Crossposted at Evolution News

Here are items reported in 2019 that have made news in 2020: more on butterflies, hummingbirds, and the Cambrian explosion.

Structural Color in Butterflies

Past articles at Evolution News have discussed the phenomenon of structural color, in which colors are intensified not by pigments but by optics. In a variety of animals, light interference from microscopic ridges and other structures can intensify and diminish particular wavelengths. Butterflies are particularly good at this.

A new study published in PNAS extends the trick with light into the infrared, giving butterflies an additional advantage: warmth!

The optical properties of microstructures on butterfly wings are well studied in the visible spectrum, providing an understanding of the origins of structural coloration. Meanwhile, there is a need for evaluating their midinfrared optical properties, due to the critical role these properties play in thermoregulation. While a high visible absorptivity offers heating by absorption of solar radiation, a high midinfrared emissivity offers heat loss via thermal emission.
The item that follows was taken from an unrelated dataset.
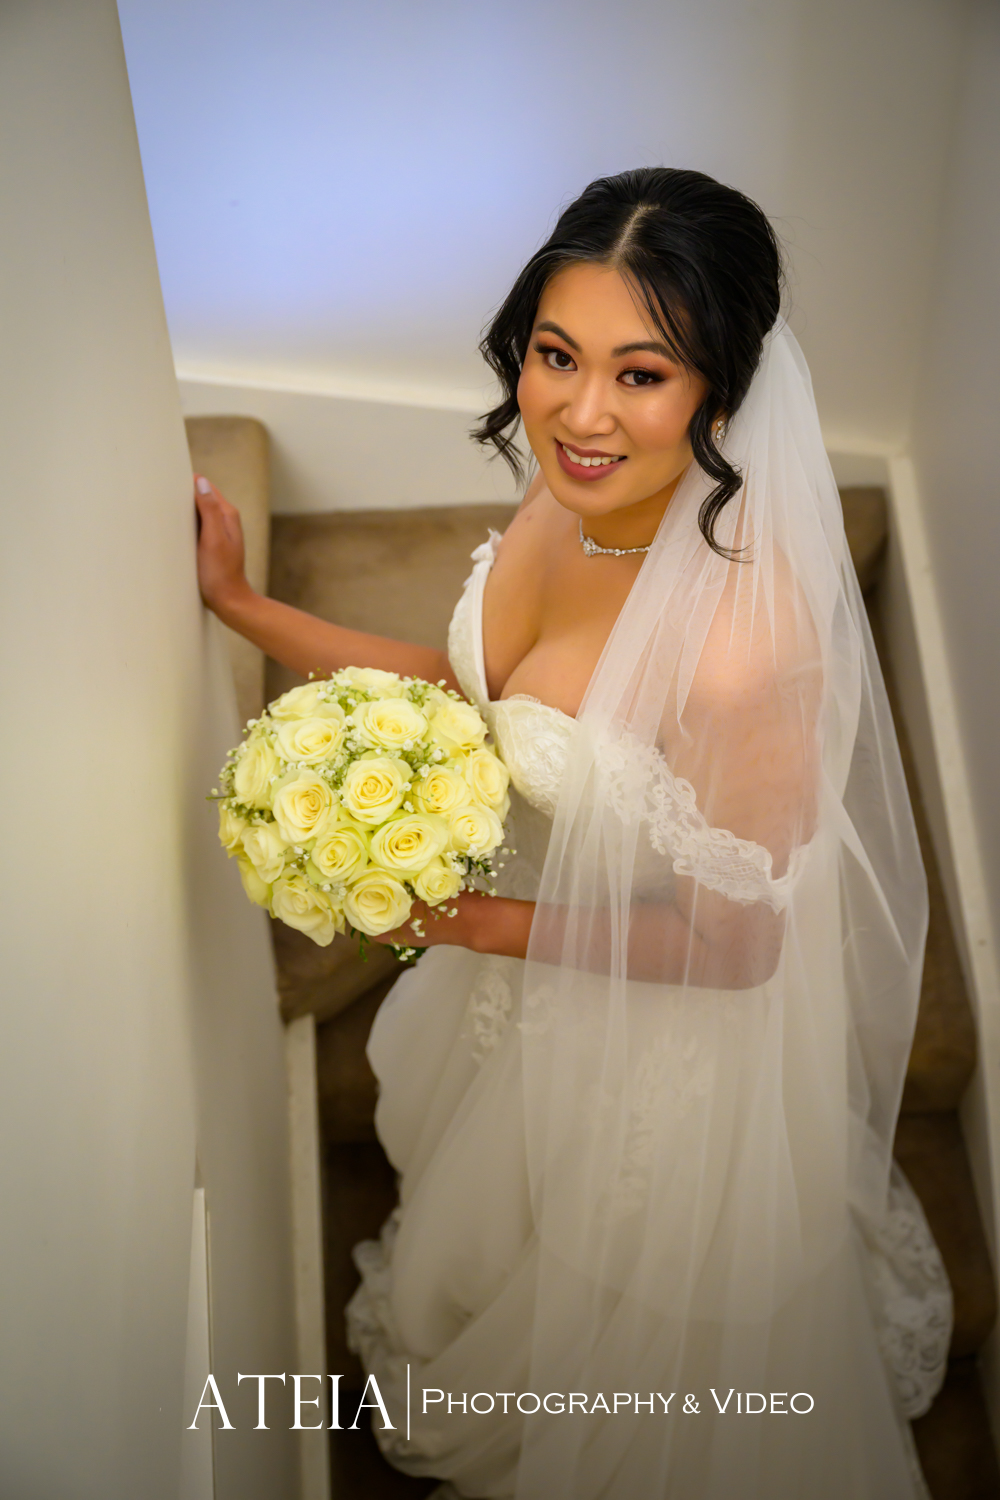 , Anh and Stephen&#8217;s wedding at Pier 35 Port Melbourne captured by ATEIA Photography &#038; Video

Here we evaluate the midinfrared optical properties of 4 butterfly species from different habitats and analyze the effect of this emissivity on wing temperature. With the wing temperatures attaining similar values irrespective of their habitats of origin, our findings demonstrate the potential influence of butterfly wing microstructures on midinfrared optical properties and thermoregulation.

Hummingbird Pancakes

Some birds are also masters of structural color. Hummingbirds, featured in Illustra Media’s Flight: The Genius of Birds, are champions at it. Researchers at the Chicago Field Museum of Natural History looked at the microstructures in the iridescent throat feathers of male hummingbirds and found shapes that looked like pancakes: “hummingbirds’ melanosomes are pancake-shaped and contain lots of tiny air bubbles,” the researchers found.

Hummingbirds are some of the most brightly-colored things in the entire world. Their feathers are iridescent — light bounces off them like a soap bubble, resulting in shimmering hues that shift as you look at them from different angles. While other birds like ducks can have bright feathers, nothing seems to come close to hummingbirds, and scientists weren’t sure why. But a new study in Evolution shows that while hummingbird feathers have the same basic makeup as other birds’, the special shape of their pigment-containing structures enables them to reflect a rainbow of light.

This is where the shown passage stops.